Segment Start: Supplied data

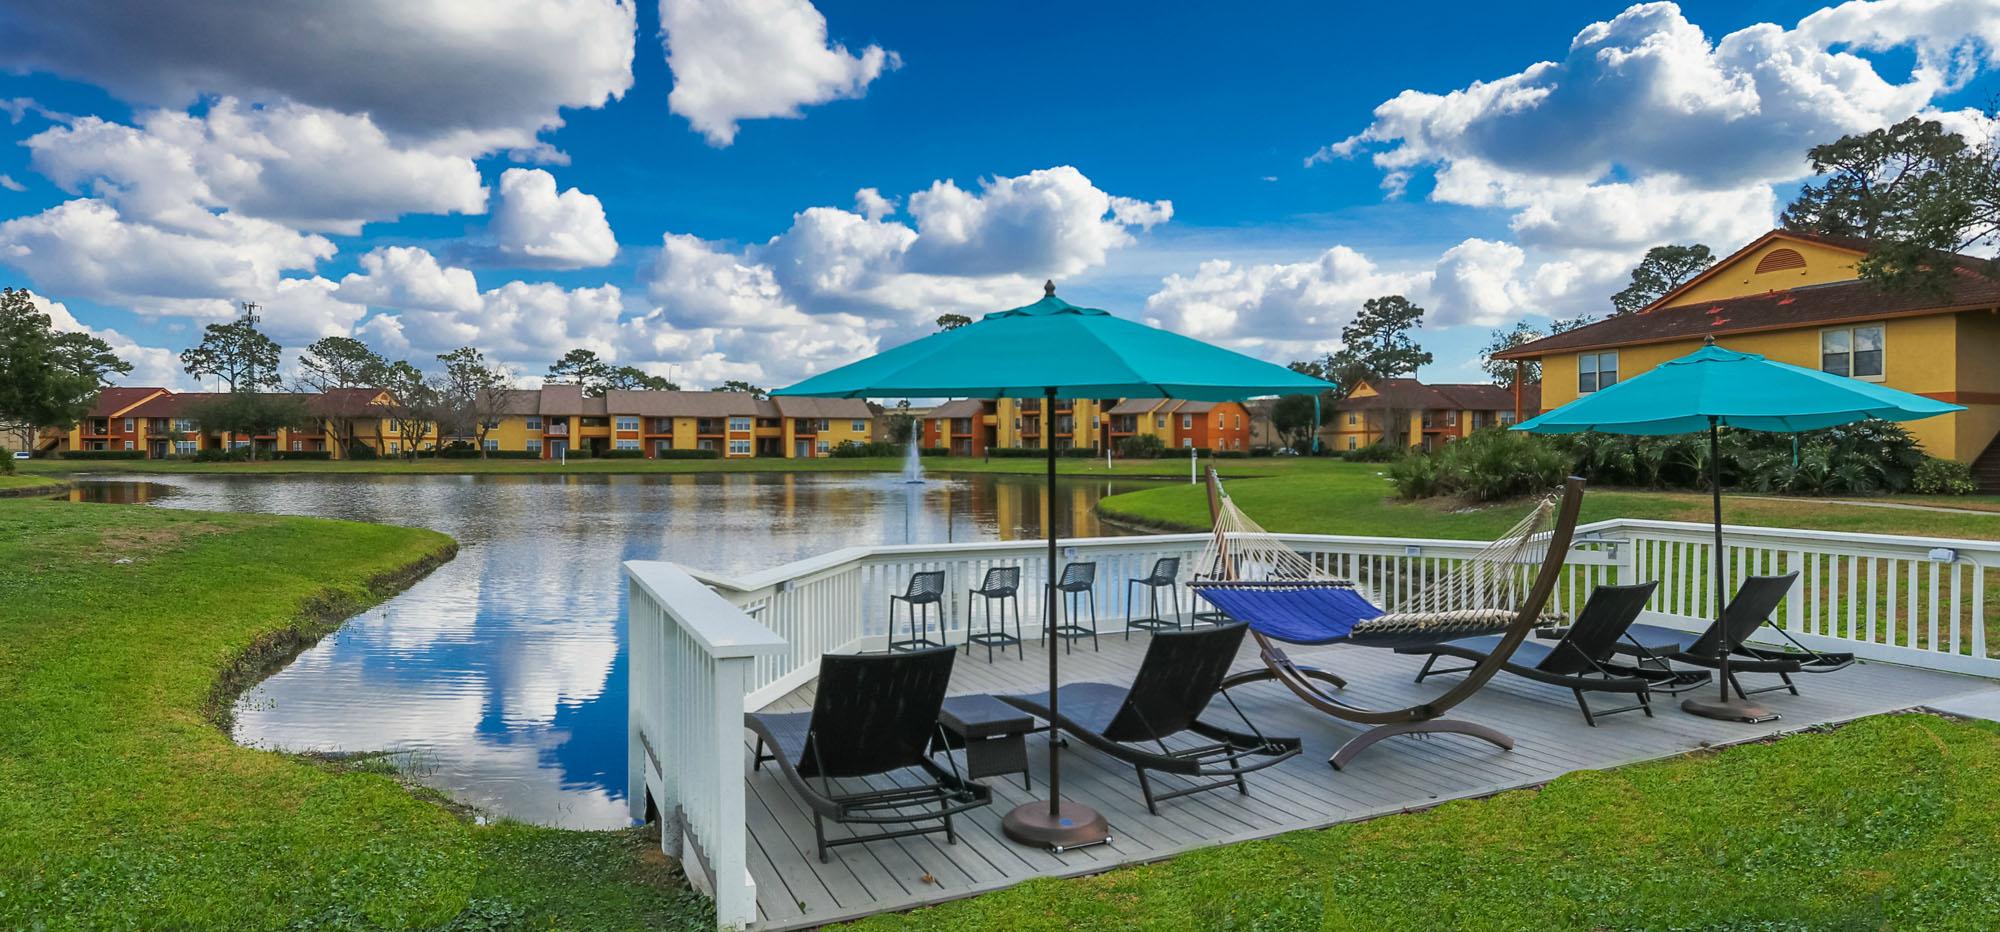 Avisa Lakes for rent
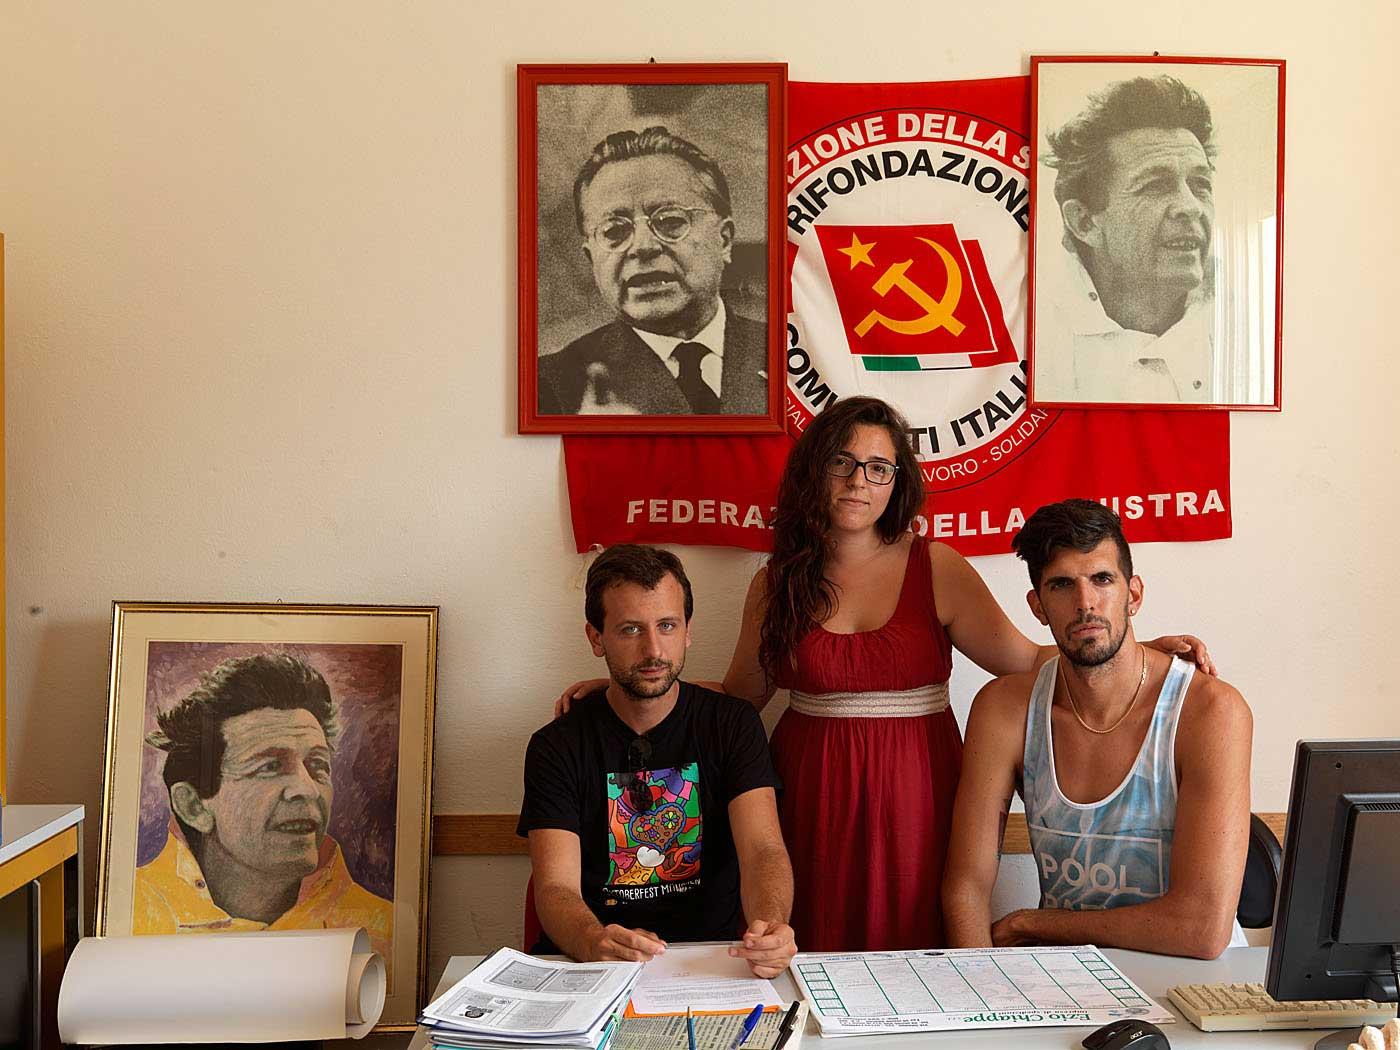 Partito Rifundazione Comunista (PRC) Press Officer Francesca Orazzini (middle) with part-time secretaries Davide Samuele Franchi  (left) and Alessio Flamnia (right) in Rosignano Solvay, Italy.
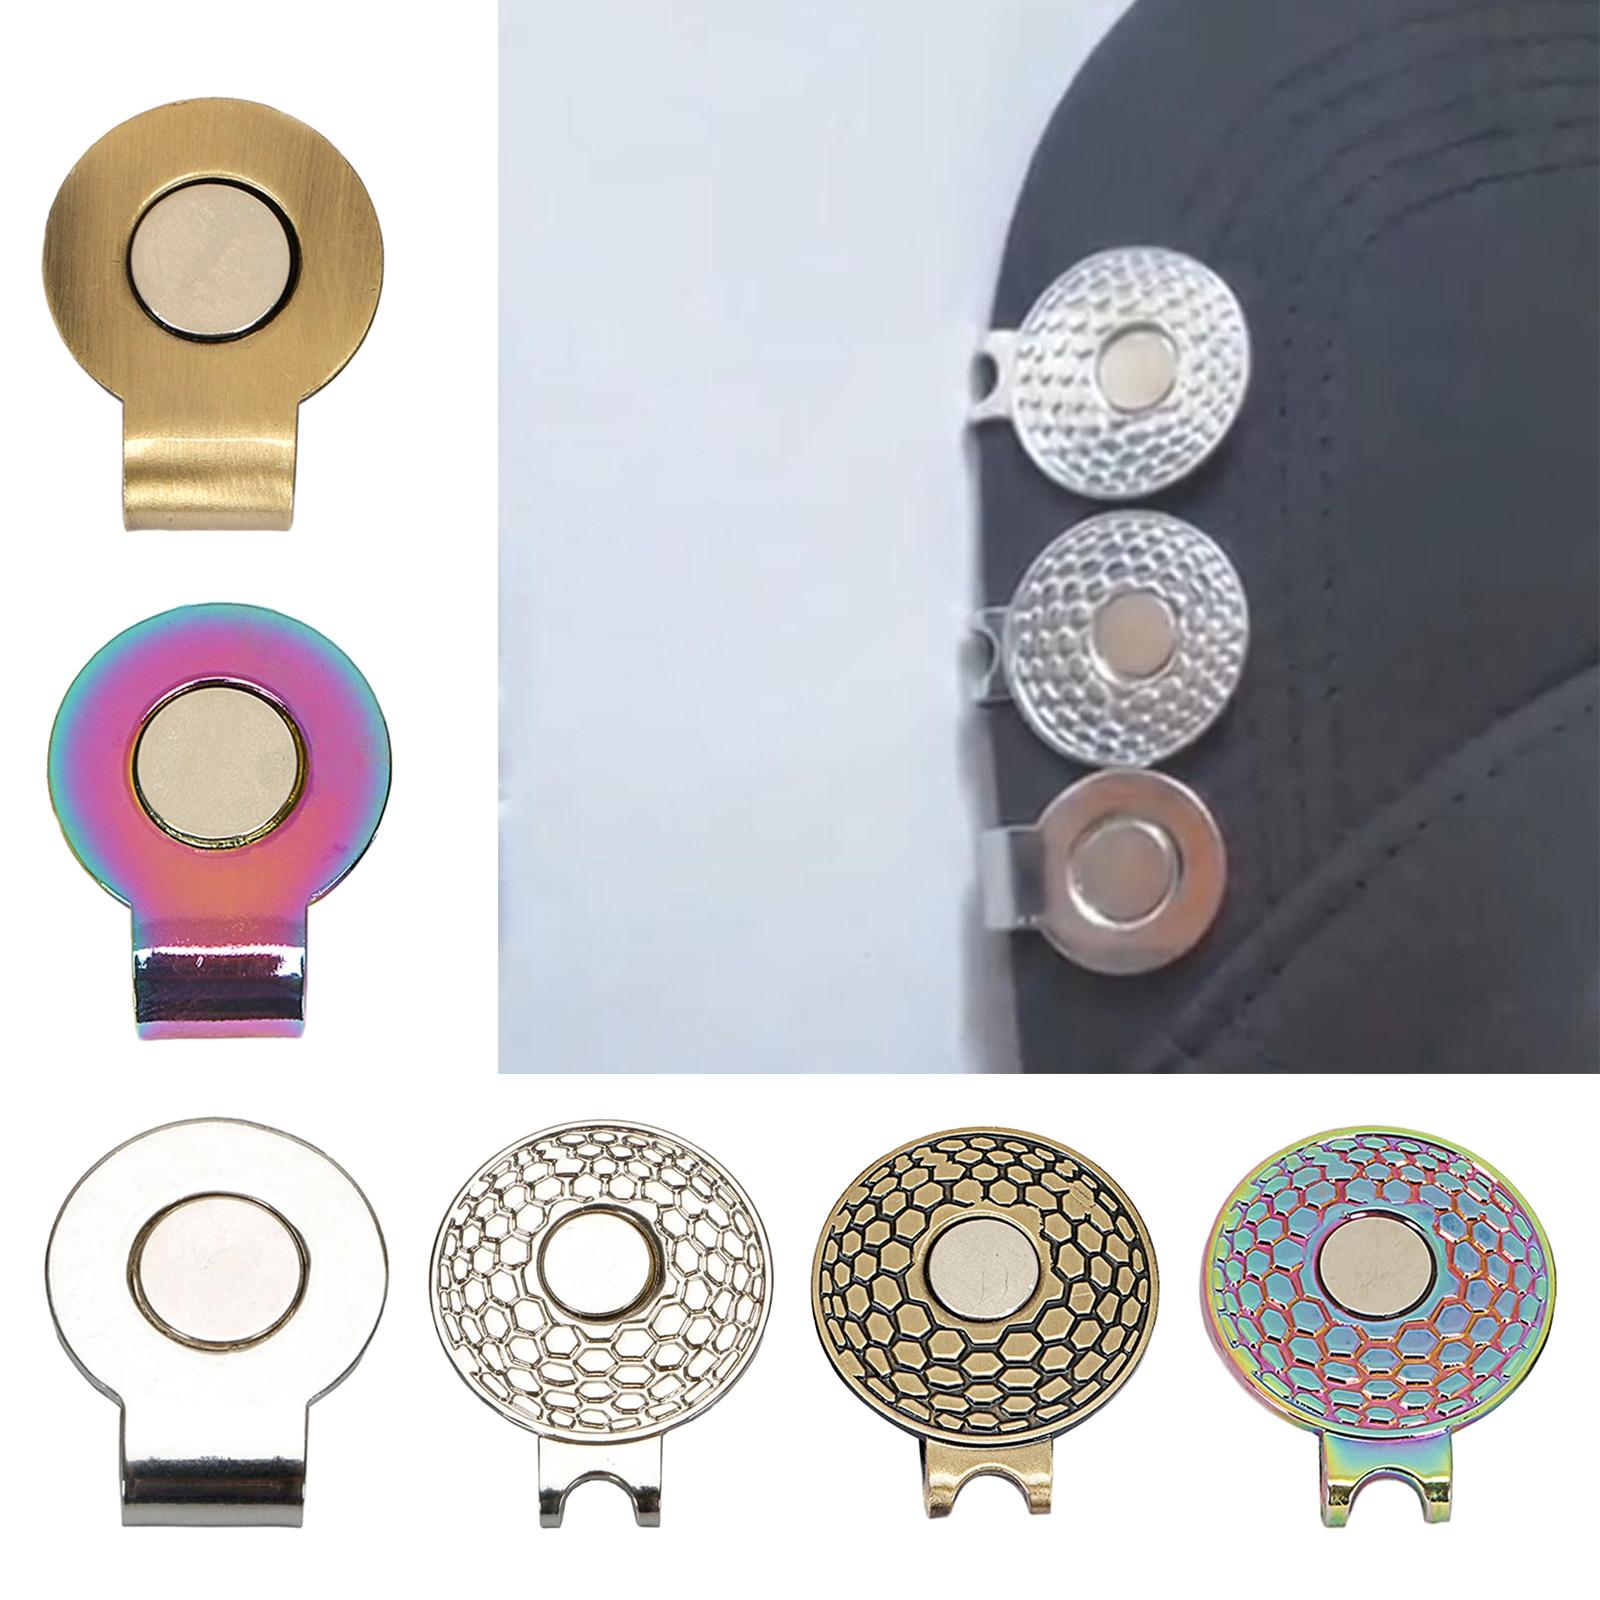 Marqueurs de balle de Golf magnétiques, Clip de chapeau magnétique, Club de mise en place, cadeaux pour golfeur, cadeau

Segment End: Supplied data

◆ **What you will do**:
Word for word, restate all of the material, omitting the images.

◆ **Response area**:
 Avisa Lakes for rent
 Partito Rifundazione Comunista (PRC) Press Officer Francesca Orazzini (middle) with part-time secretaries Davide Samuele Franchi  (left) and Alessio Flamnia (right) in Rosignano Solvay, Italy.
 Marqueurs de balle de Golf magnétiques, Clip de chapeau magnétique, Club de mise en place, cadeaux pour golfeur, cadeau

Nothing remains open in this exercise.